I don't know how to make the standard methods work...
- SEO |

I would really welcome some advice from the experts on the Warrior Forum.
I have started to build a niche website, around 2.5 months old now.Without going into a lot of detail, it contains long reviews of luxury items.
I keep reading the many, many articles online about how to do SEO for my niche website, and I am really struggling to make the methods described 'fit' what I am doing with my site. In particular, I am struggling with the suggestions for backlink building. With Google constantly updating and changing, it seems a lot of the advice I've been reading is out of date:
- Buying links: Apparently not advisable.
- Link-exchanges: ditto.
- Buying links on Fiverr: ditto.
- Submit to directories: Most seem to be defunct, or never get round to approving (or rejecting) your submission, and are mostly no-follow anyway. I've never actually used a directory to find anything I need, anyway: I use Google directly.

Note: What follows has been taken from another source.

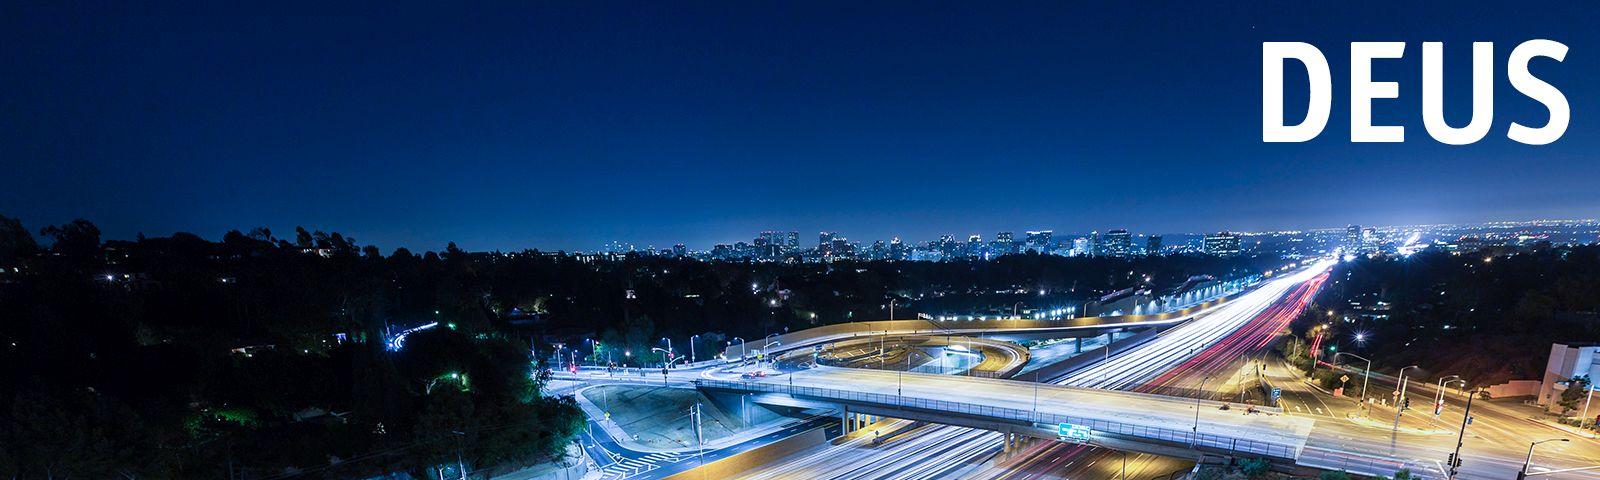 Neuer Straßenbeleuchtungsregler mit 3G, GPS und Ethernet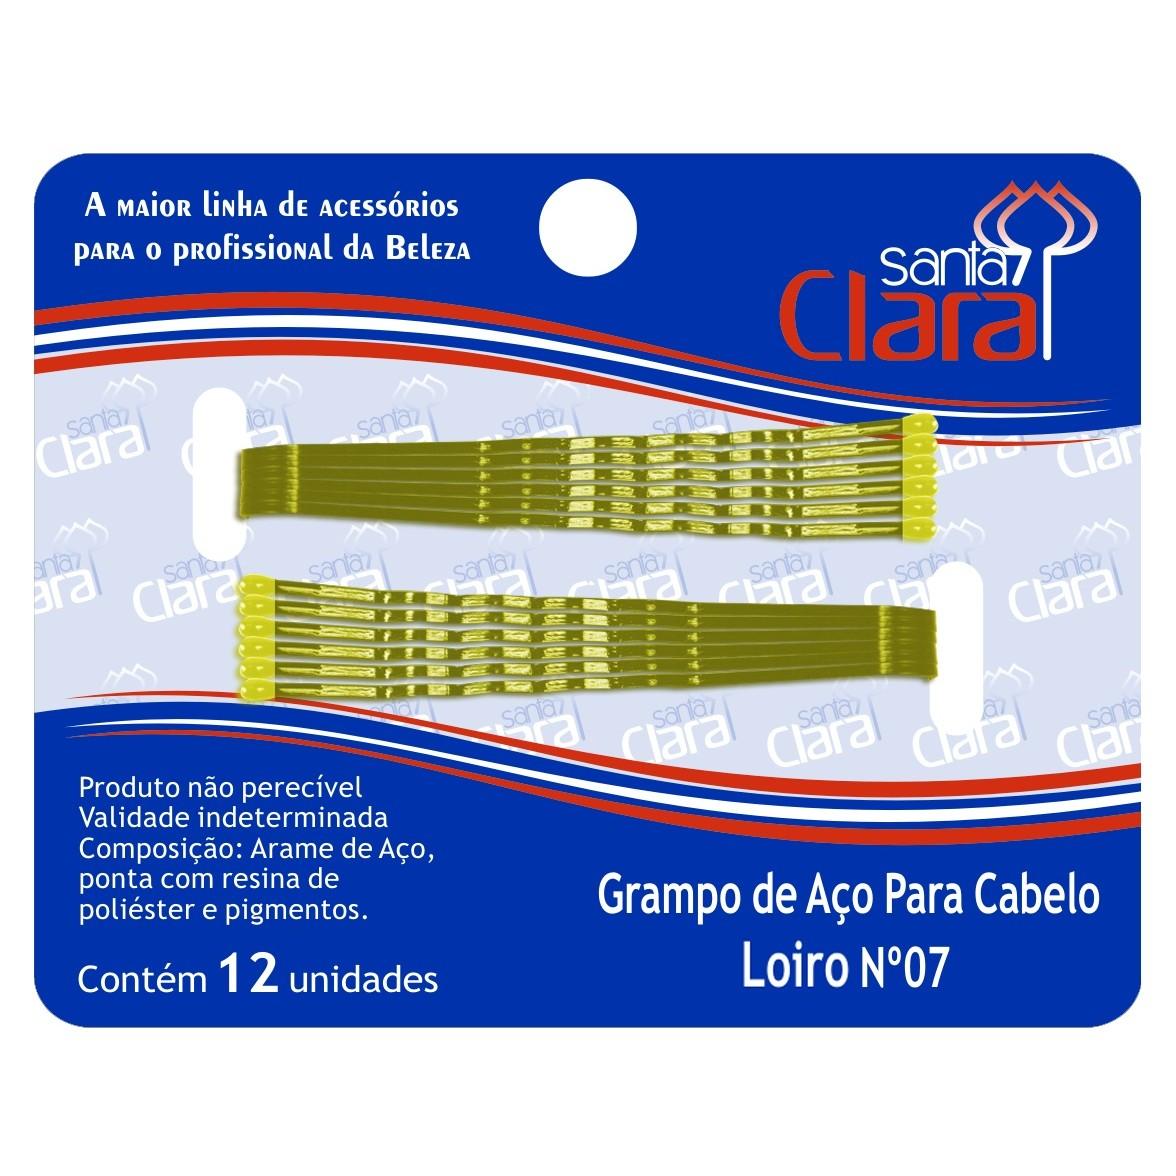 Grampo De Aço Para Cabelo Loiro N° 07 - 12 Unidades

- Systematically posting comments on known do-follow blogs, regardless of the relevance of the content of the blog to the website being linked to: Apparently not advisable as is considered spamming, but I can see several rival websites doing exactly that and their ranking is pretty good.
- Posting comments of value on relevant forums/blogs: I've never clicked through to a commenter's website, even if I thought that what they wrote was really good. And for a review website, I don't think this works too well.
- Guest blogging: I've read at least a few articles that aren't in favour of this.
- Posting articles on e.g. Stumbleupon: SEO advice websites always recommend posting 'link-bait' on these article/bookmarking websites, but that is because their own SEO advice pages are always link-bait by nature, it seems to me ('843 ways to improve your Google ranking' etc.). I review stuff, so it doesn't lend itself too well to link-bait style articles. If I had a 'how to' website, it might be a different story, I suppose.
- Create Google+, Facebook, YouTube etc. profiles with a link to the website: Done this, but strongly doubt it has had any impact.
- Fixing broken links: This one always comes up, as if there are a ton of links on the net that are broken (ok, I do believe that) and that you will always be able to replace them with a link to something on your own website (very rare for the two things to coincide, seems to me).
At 2.5 months old, I realise I haven't exactly been working on this for a very long time (the site is very small, maybe only 20 pages at this stage), and I am prepared to put the work in, but I feel like the standard methods don't apply in this case somehow.
I am not going to say my content is 'awesome' and all that, but I did write it myself so it's not just a cut and paste job (i.e. it will be 'original' in that sense); and the text is mostly quite long in terms of wordcount.
So after all that long-winded preamble (apologies), what can a person do to create backlinks if the website in question is basically a review/information website? Let's assume the content is interesting/entertaining, but doesn't lend itself to snappy, link-bait-style headlines. How can I put the content in front of people who might be interested in it?